Wherever an image appears in the data, omit it and copy all the remaining text word for word.
Data provided below:
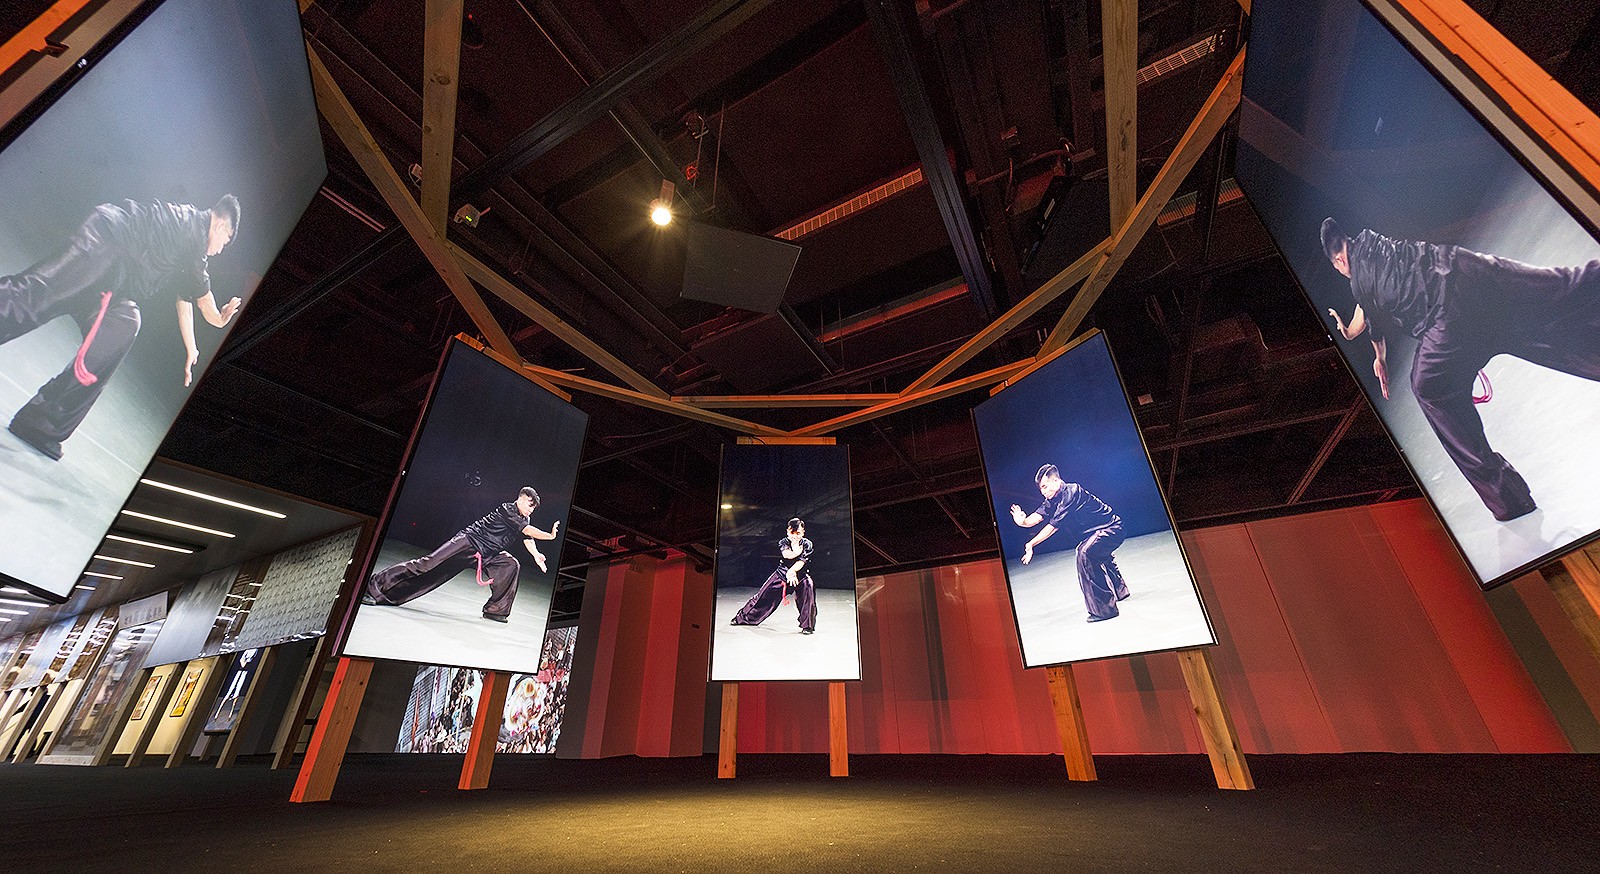 “Perspectives of Hung Kuen in Motion” developed by CityU’s School of Creative Media
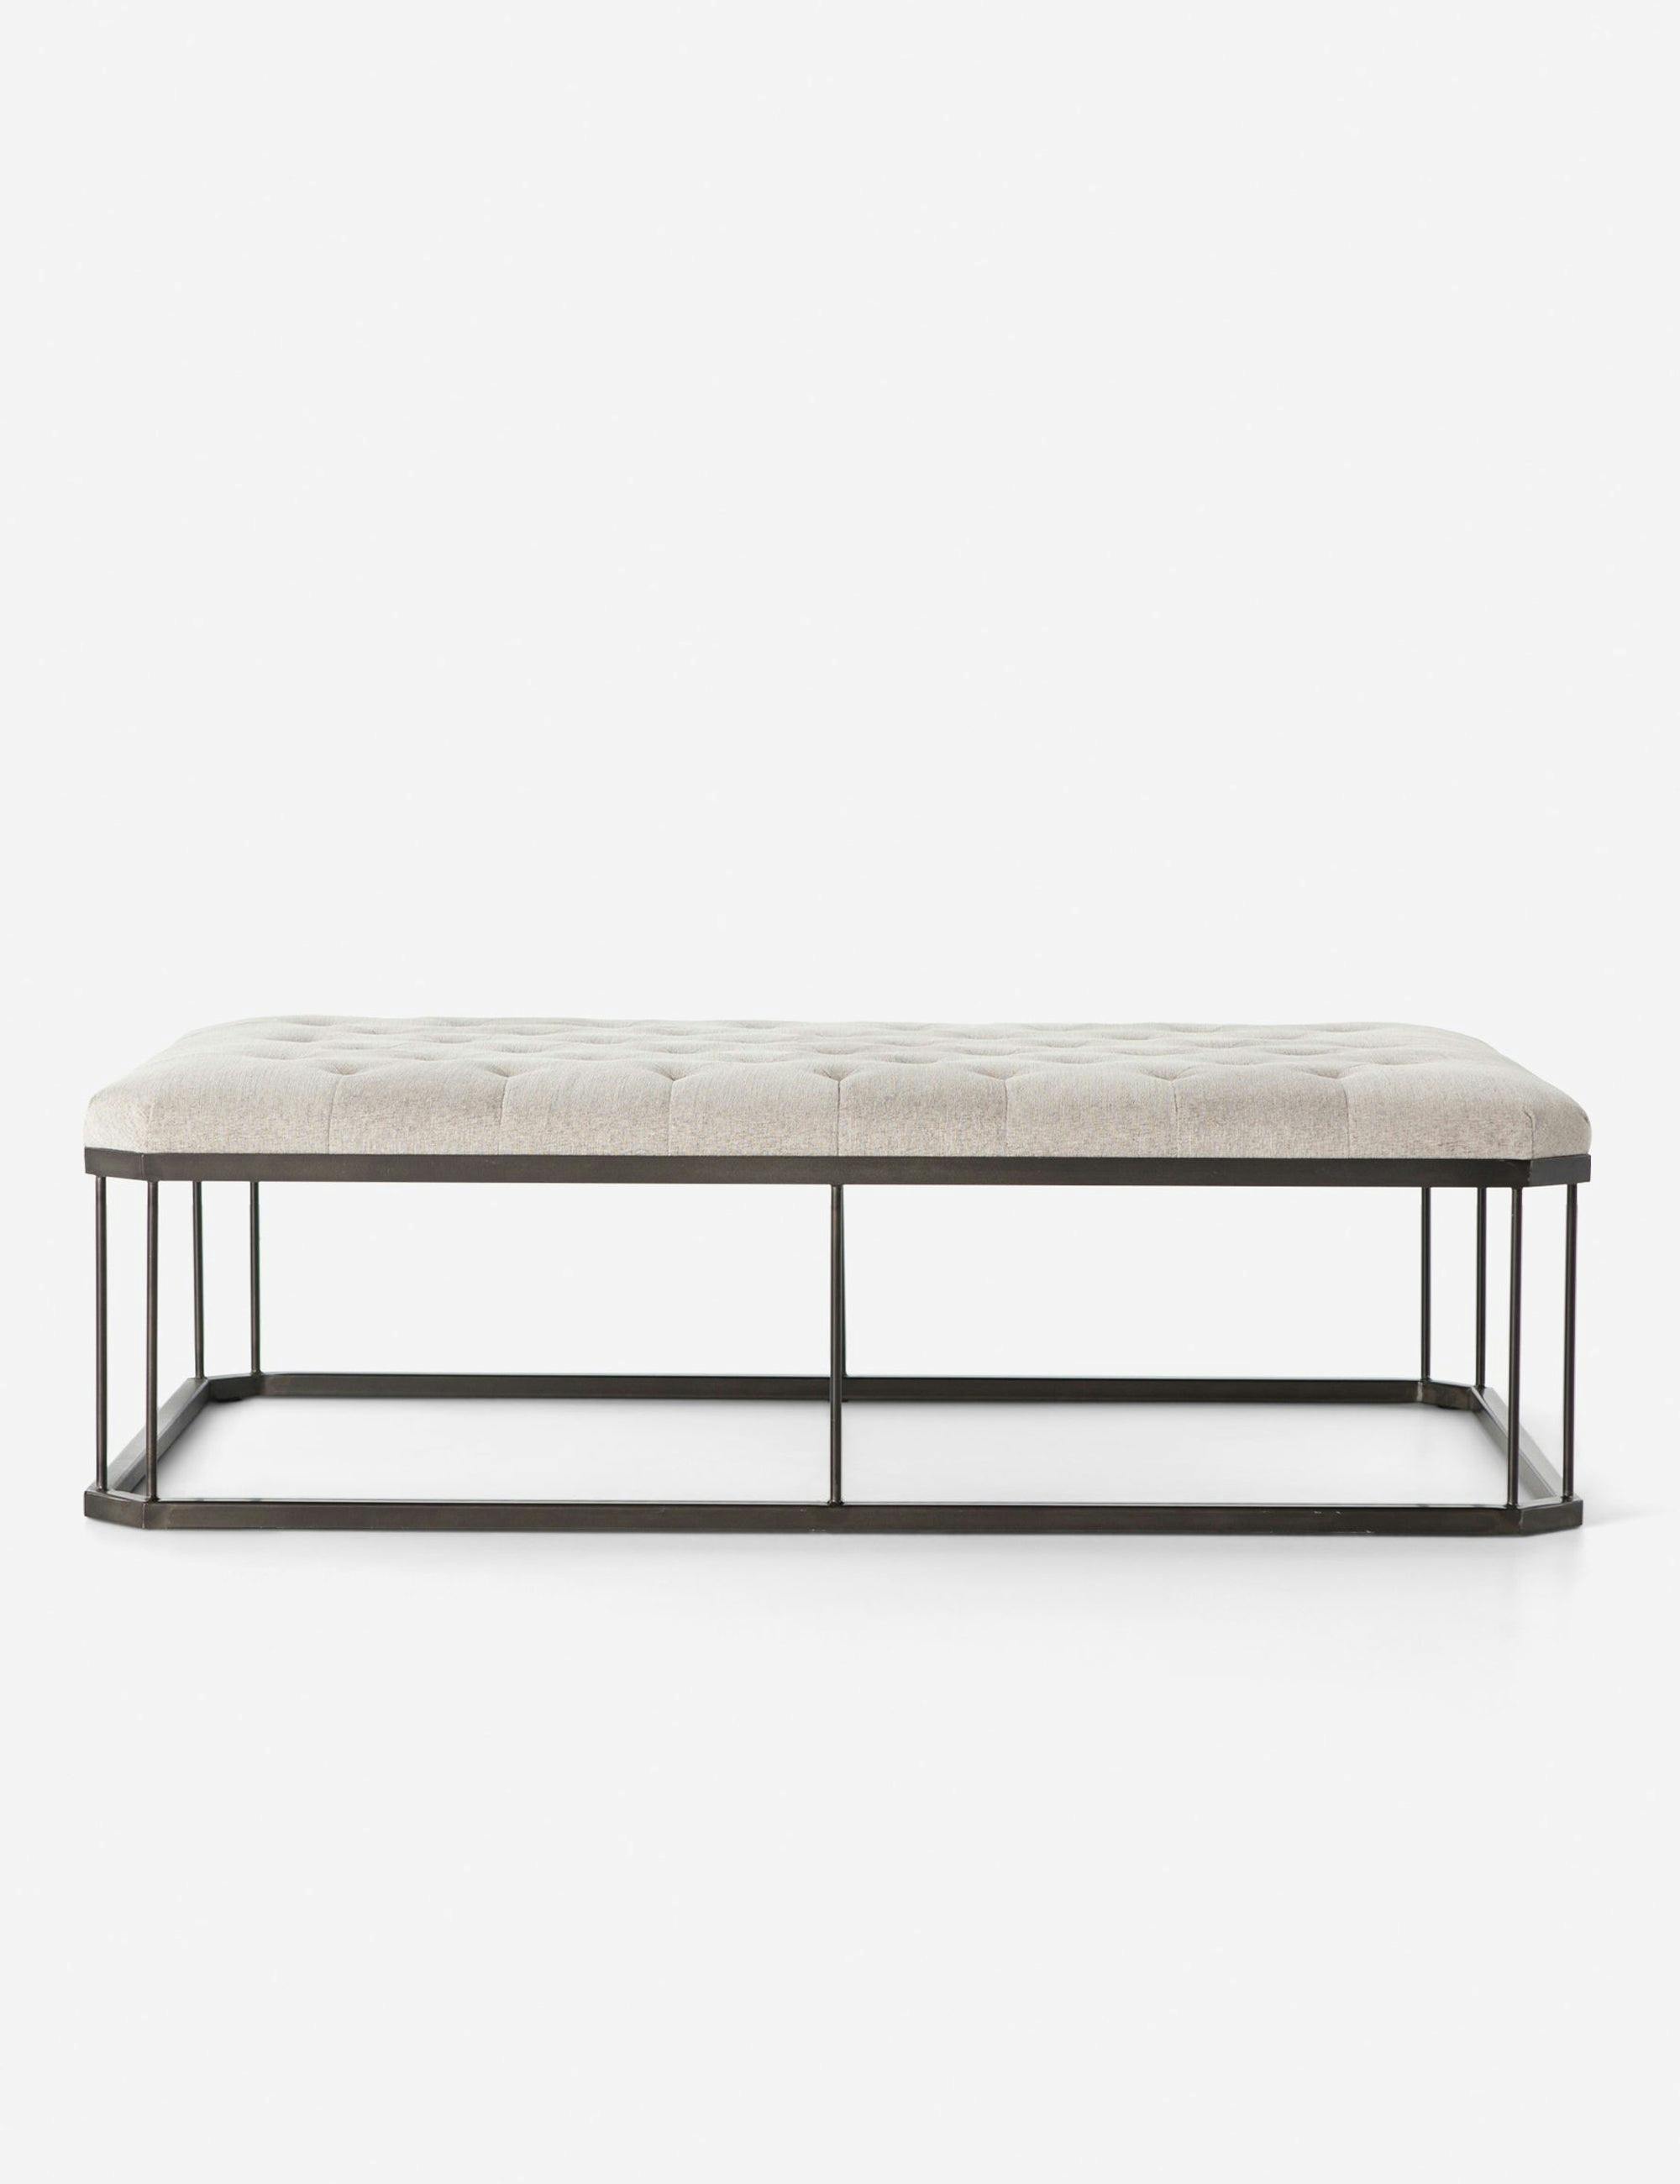 Karley Diamond-Tufted Polyester Ottoman in Cool Gray
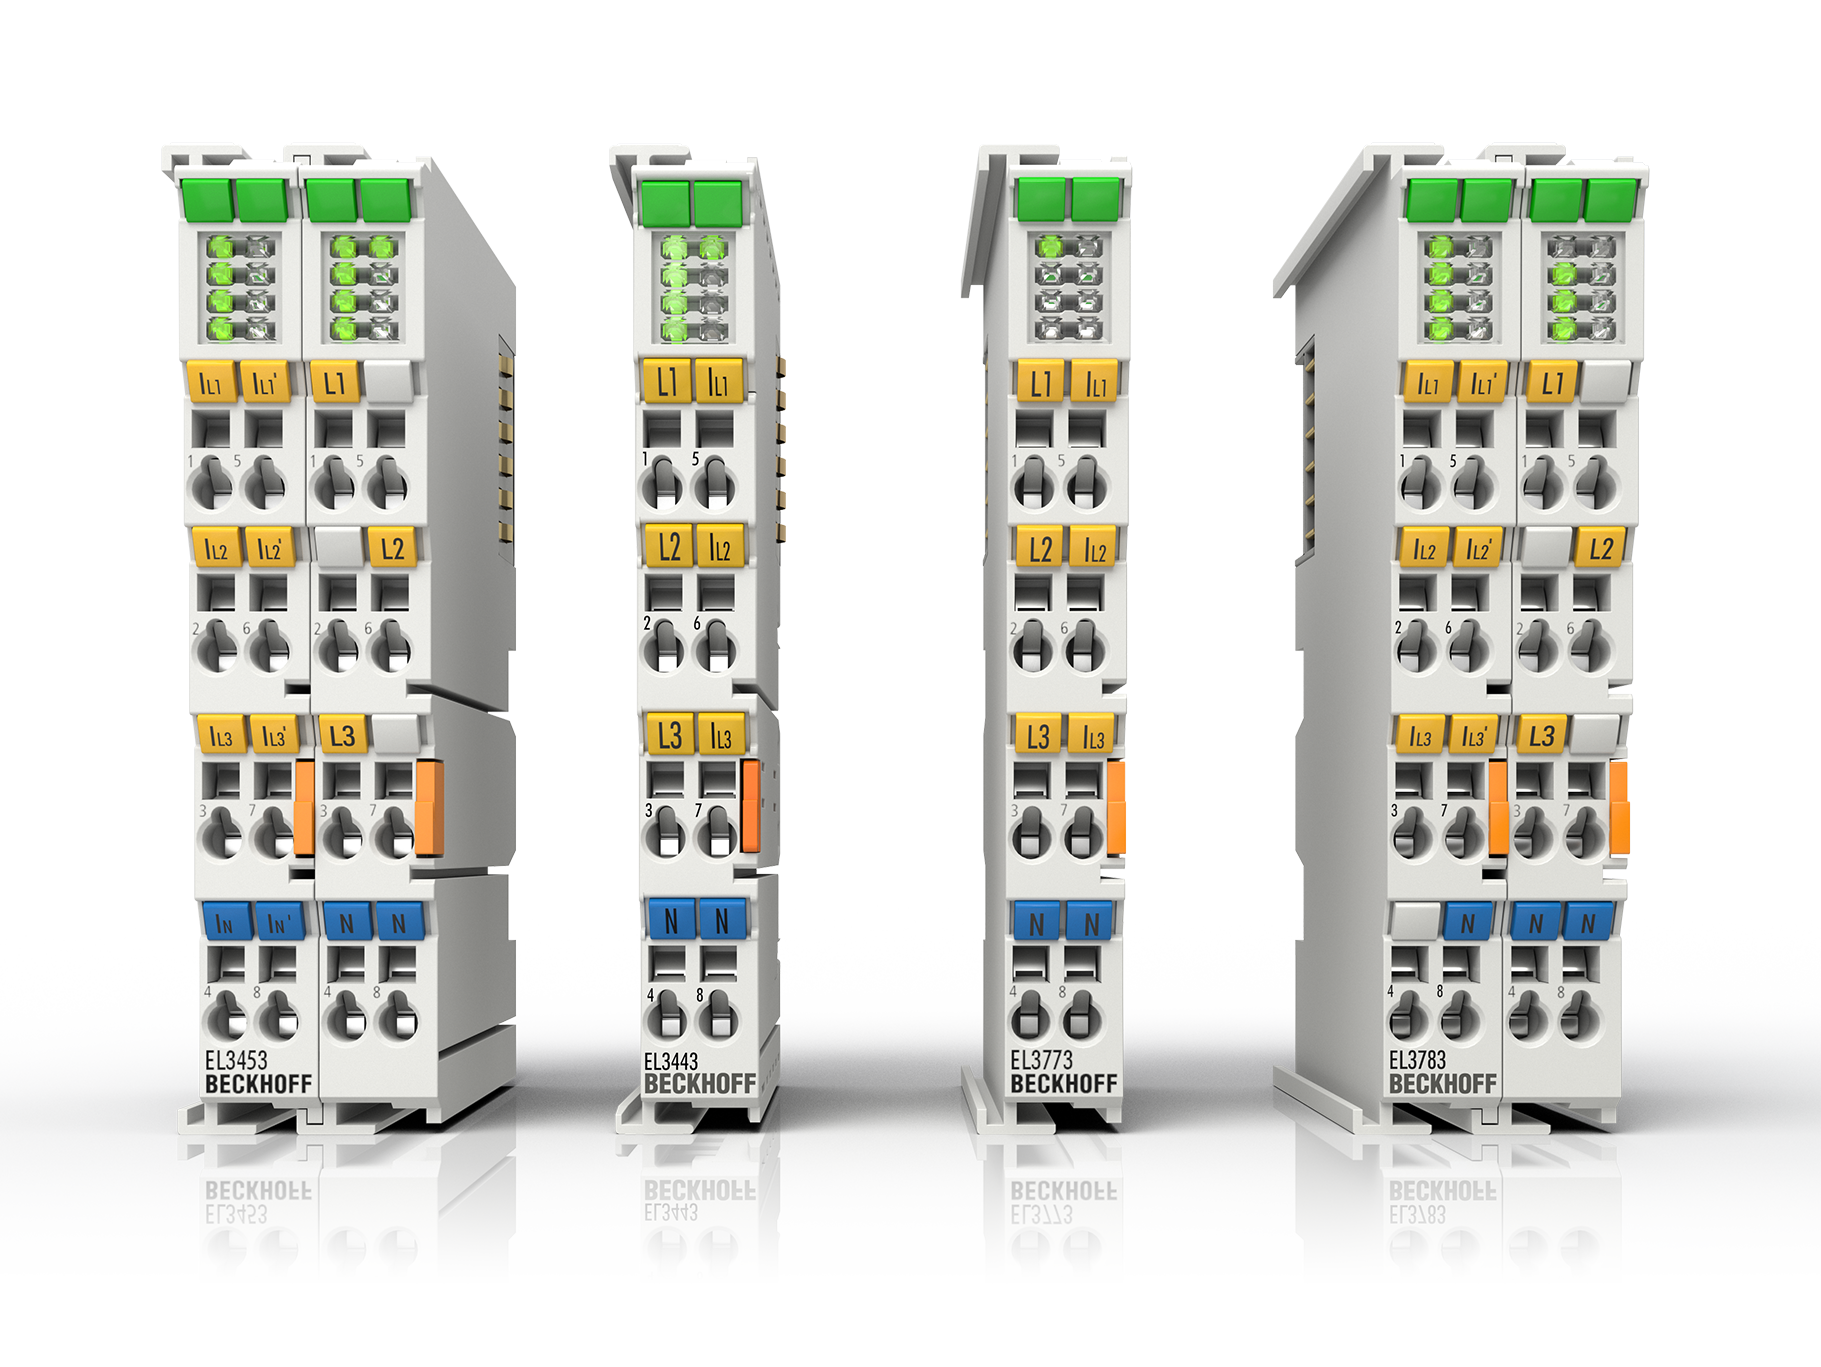 The EL3773 and EL3783 EtherCAT Terminals are designed to be used as power monitoring terminals for the detection of the state of a 3-phase AC voltage system.
End of Data provided.
◆ **Reply to the task**
 “Perspectives of Hung Kuen in Motion” developed by CityU’s School of Creative Media
 Karley Diamond-Tufted Polyester Ottoman in Cool Gray
 The EL3773 and EL3783 EtherCAT Terminals are designed to be used as power monitoring terminals for the detection of the state of a 3-phase AC voltage system.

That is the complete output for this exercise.